LHS is the second way to analyze the apriori algoritm. Let’s look at the results of the same three movies, but from LHS perspective.
## Harry potter
rules.HP<-apriori(data=trans1, parameter=list(supp=0.04,conf = 0.08),
appearance=list(default="rhs",lhs="Harry Potter and the Chamber of Secrets (2002)"), control=list(verbose=F))
# removing redundant rules
rules.HP <- rules.HP[!is.redundant(rules.HP)]
rules.HP.byconf<-sort(rules.HP, by="confidence", decreasing=TRUE)

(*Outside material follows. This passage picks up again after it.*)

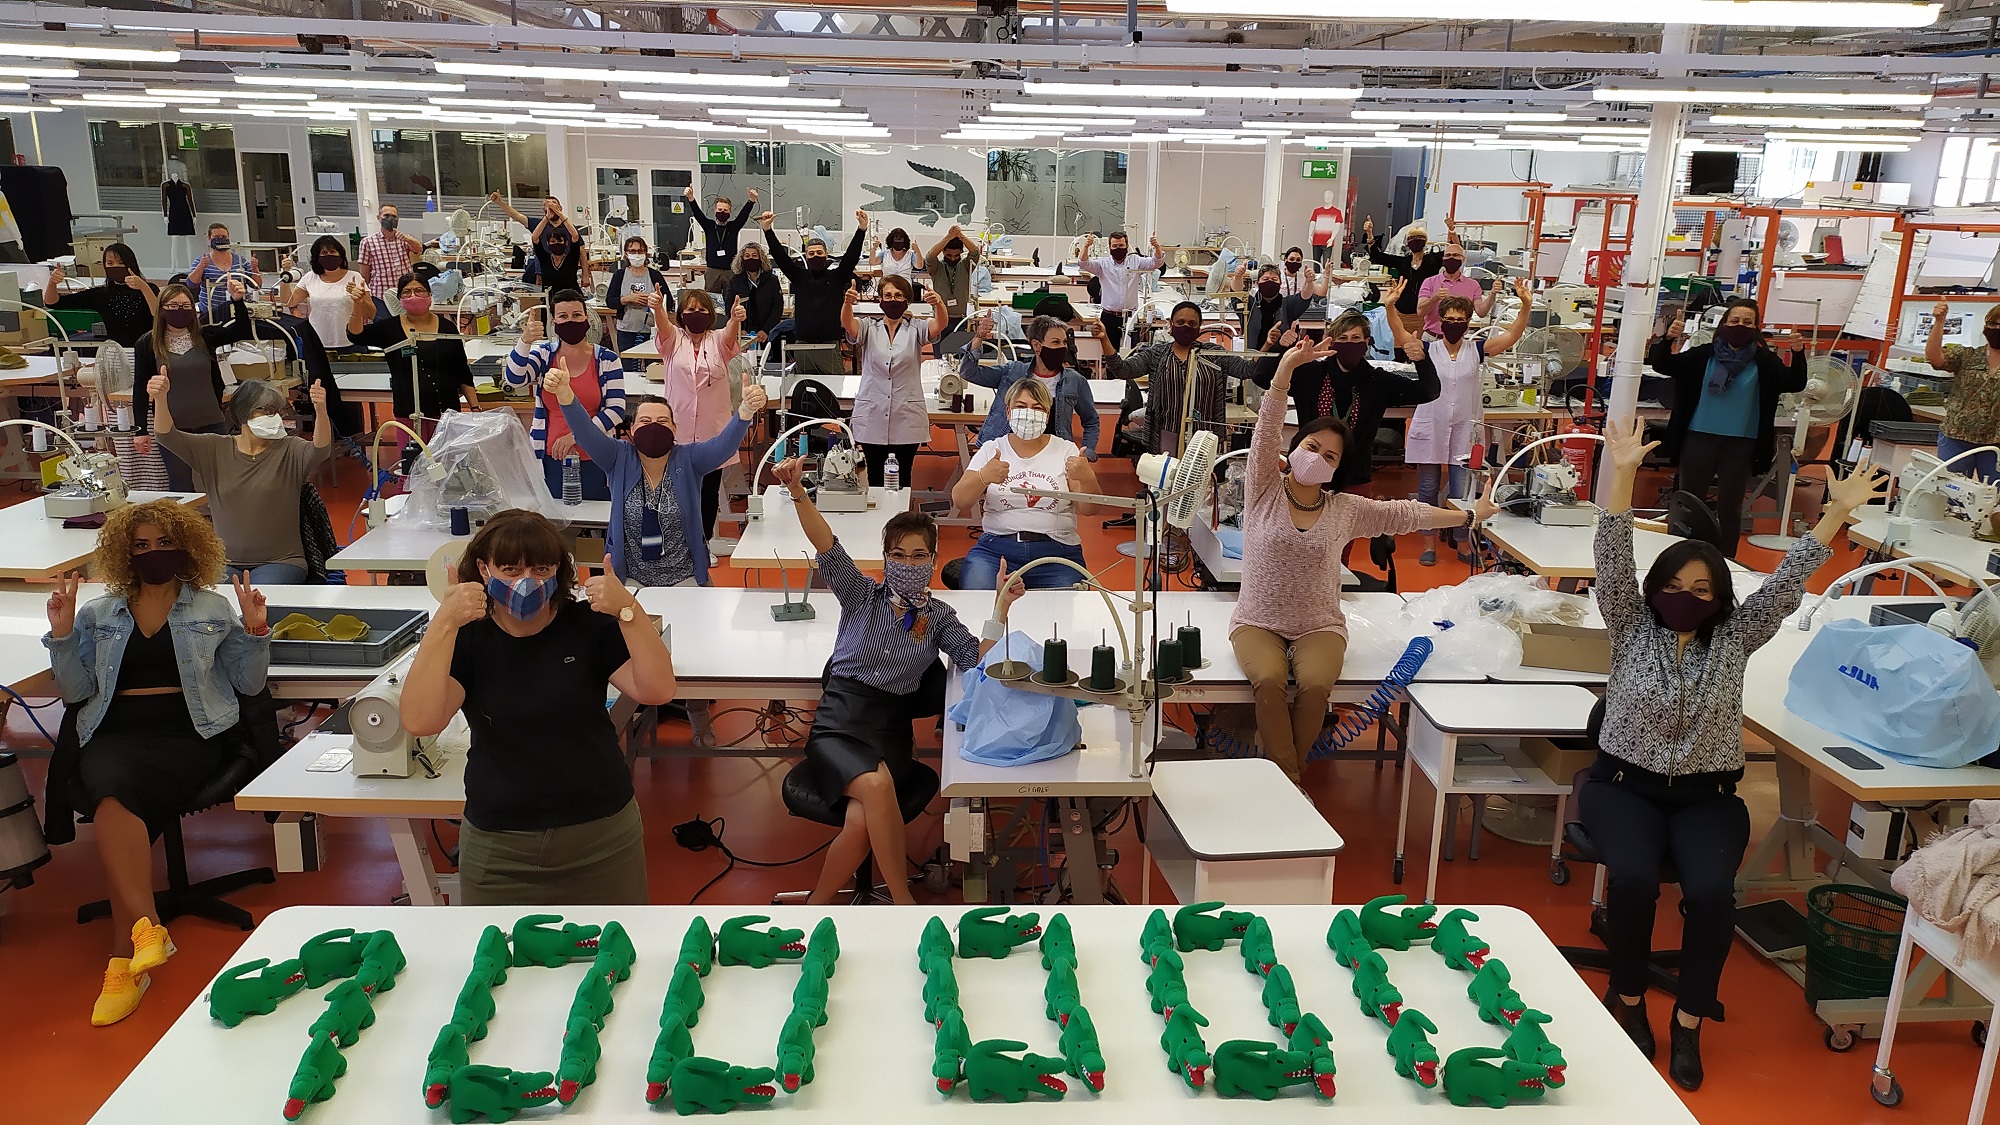 ภาพข่าว: Lacoste ผลิตหน้ากาก 100,000 ชิ้น ช่วยเหลือบุคลากรทางการแพทย์ในฝรั่งเศส
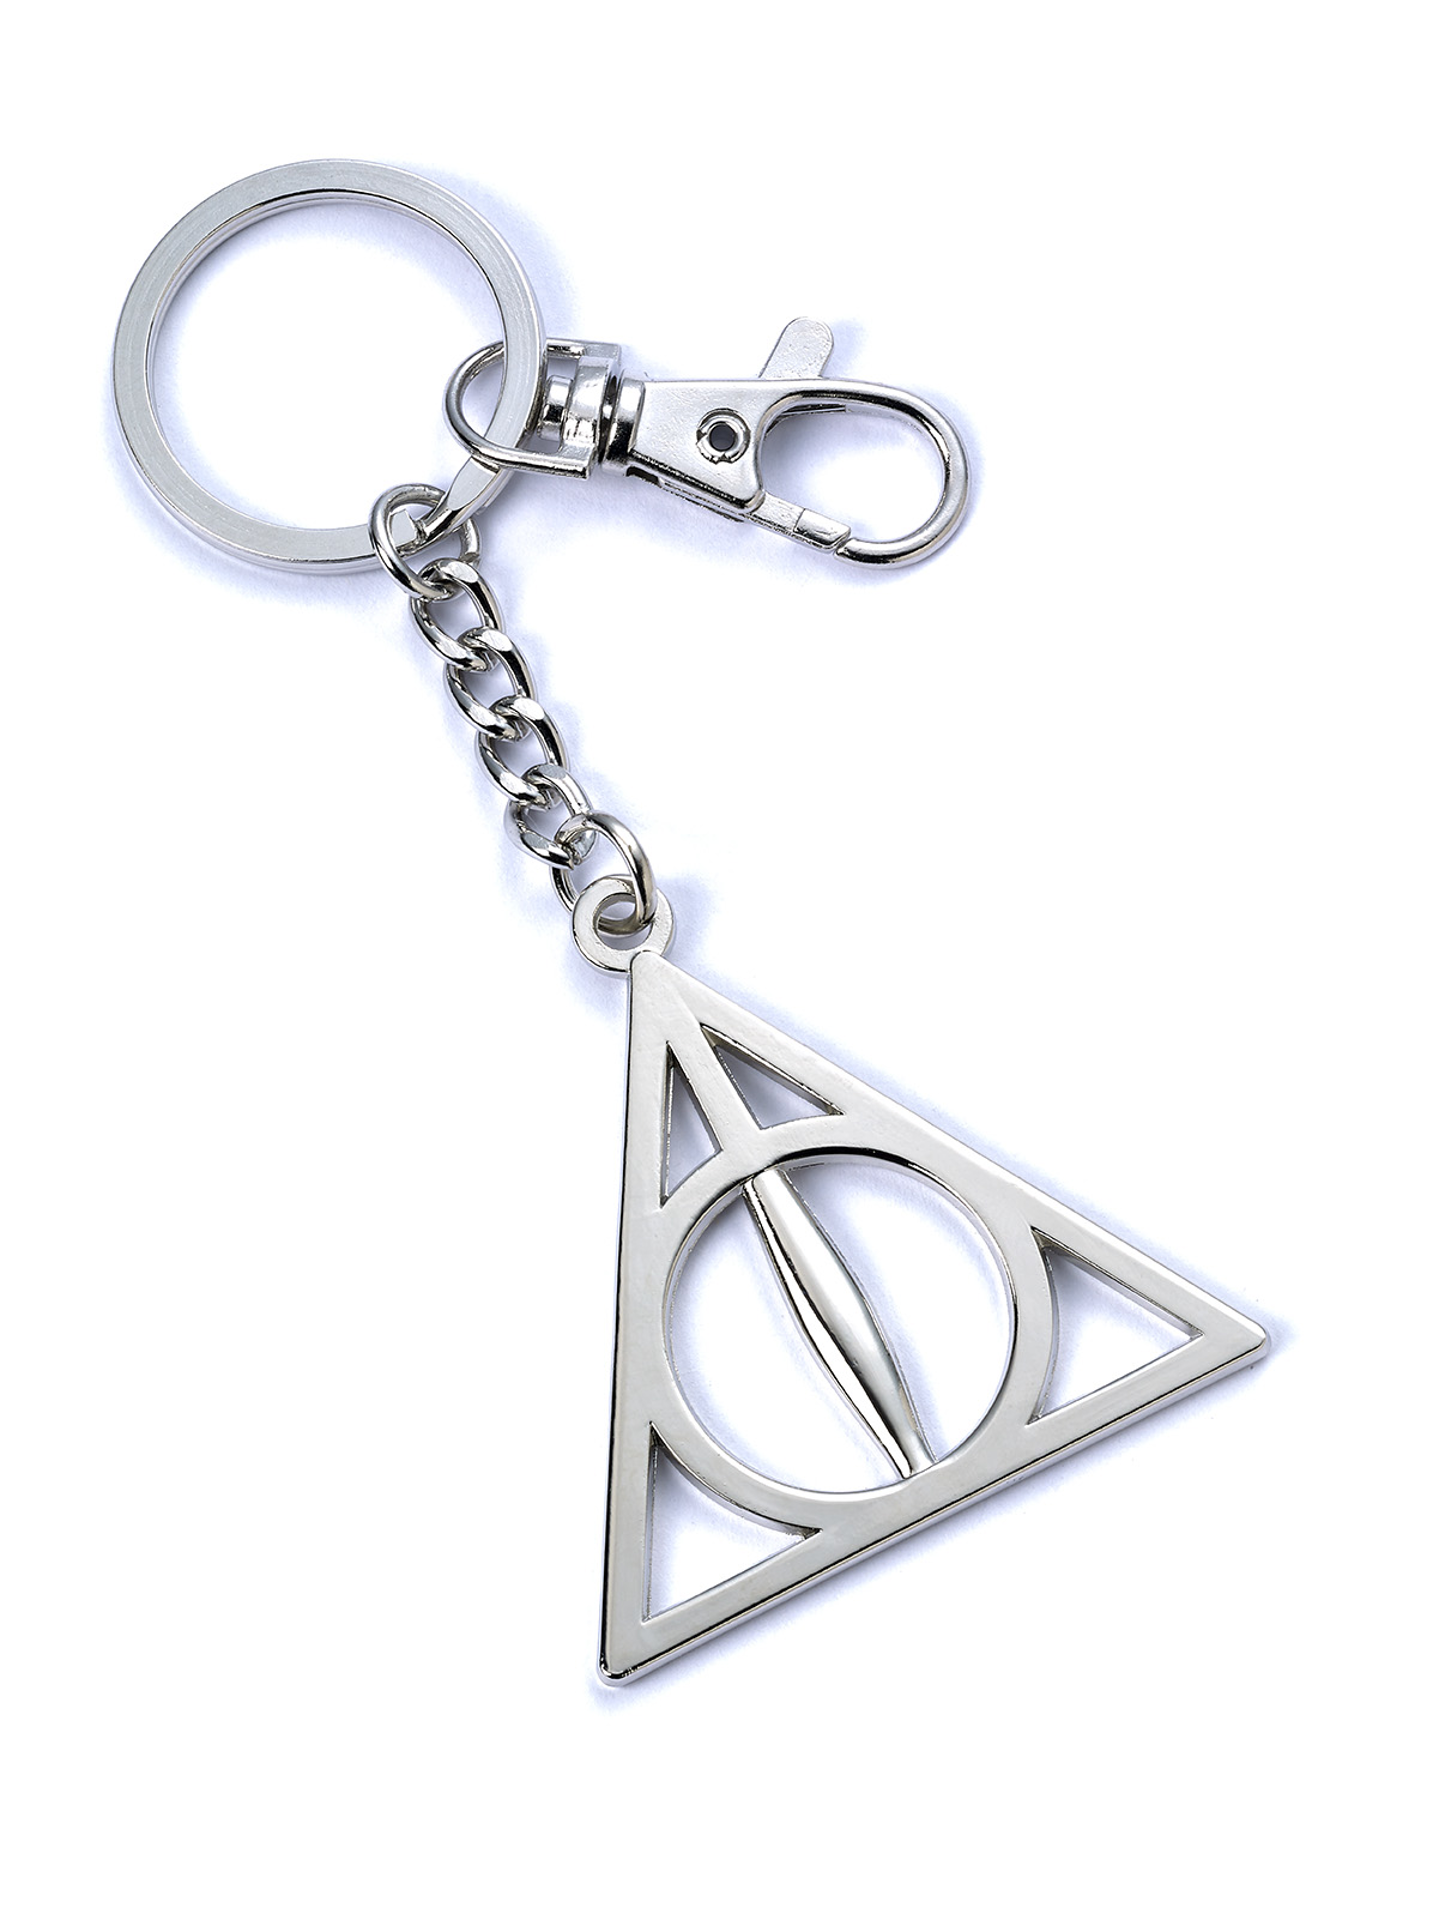 Harry Potter - Porte-clefs Reliques de la Mort

inspect(head(rules.HP.byconf))
## lhs rhs support confidence coverage lift count
## [1] {Harry Potter and the Chamber of Secrets (2002)} => {Harry Potter and the Sorcerer's Stone (a.k.a. Harry Potter and the Philosopher's Stone) (2001)} 0.07221287 0.8100219 0.08914928 7.593633 9990
## [2] {Harry Potter and the Chamber of Secrets (2002)} => {Lord of the Rings: The Fellowship of the Ring, The (2001)} 0.07152616 0.8023190 0.08914928 3.203279 9895
## [3] {Harry Potter and the Chamber of Secrets (2002)} => {Lord of the Rings: The Two Towers, The (2002)} 0.06903955 0.7744263 0.08914928 3.416183 9551
## [4] {Harry Potter and the Chamber of Secrets (2002)} => {Matrix, The (1999)} 0.06783239 0.7608854 0.08914928 2.184940 9384
## [5] {Harry Potter and the Chamber of Secrets (2002)} => {Shrek (2001)} 0.06592406 0.7394794 0.08914928 3.516804 9120
## [6] {Harry Potter and the Chamber of Secrets (2002)} => {Lord of the Rings: The Return of the King, The (2003)} 0.06265677 0.7028298 0.08914928 3.329345 8668
rules.Nemo<-apriori(data=trans1, parameter=list(supp=0.1,conf = 0.7),
appearance=list(default="rhs",lhs="Finding Nemo (2003)"), control=list(verbose=F))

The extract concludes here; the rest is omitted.